In those kernels, there was a theoretical weakness for /dev/urandom: if the entropy pool is empty then you may be able to infer future output of the RNG, but this relies on a successful cryptanalysis of SHA-1. Even though SHA-1 is no longer considered sufficient for cryptographic purposes, this degree of cryptanalysis is not believed to be feasible.

In those older kernels, /dev/random would block because the blocking entropy pool had been depleted. However, changes to the algorithms used in ealier kernels meant that there was no longer any useful distinction between the blocking and non-blocking entropy pools. The change, mentioned briefly above, was to simply have a single entropy pool. The only distinction between /dev/random and /dev/urandom now is that /dev/random might block just after booting.

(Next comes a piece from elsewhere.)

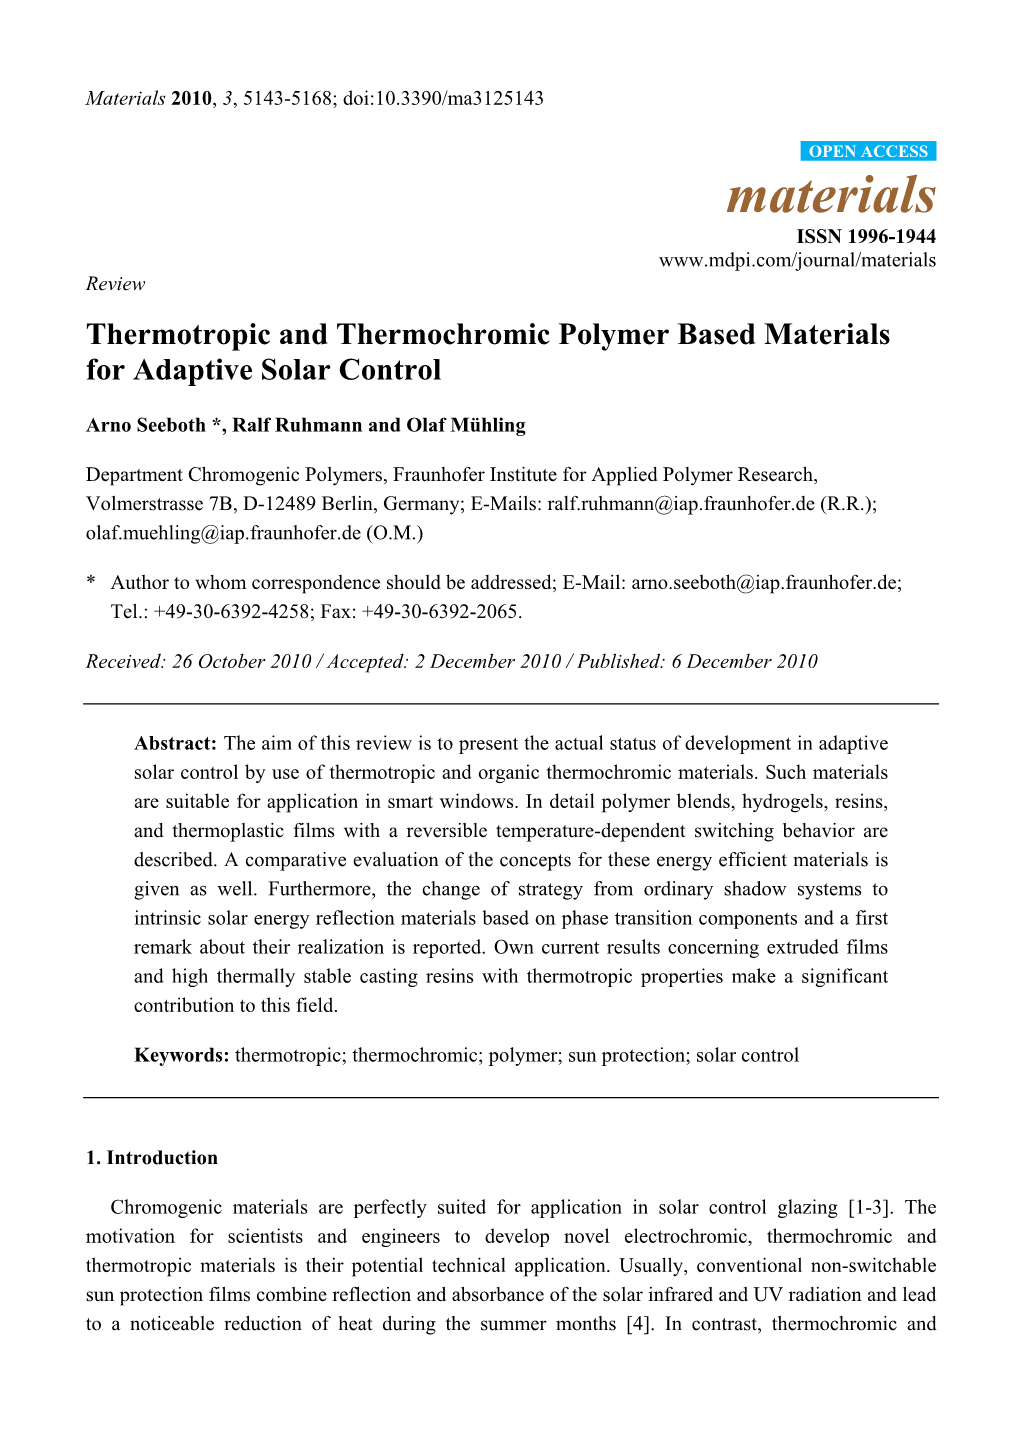 Thermotropic and Thermochromic Polymer Based Materials for Adaptive Solar Control

By the time any applcations get around to starting, even ones that start at boot time, /dev/random will no longer be blocking.

If your applcation uses /dev/urandom and you've always been worried that you're compromising security, you can stop worrying --- it's the same as /dev/random to all intents and purposes. If your application uses /dev/random and you've always been worried that you're compromising performance, you can stop worrying --- it's the same as /dev/urandom to all intents and purposes.

There is one case where you should specifically choose /dev/random knowing that it might block for a short while. This one case is when you have a microservice that runs in its own virtual machine. This microservice will start very early in the boot sequence, close to the time where /dev/random might block. You should use /dev/random in this case as this is likely to be in the initialisation phase of the microservice and any random numbers used at that point must be of high quality.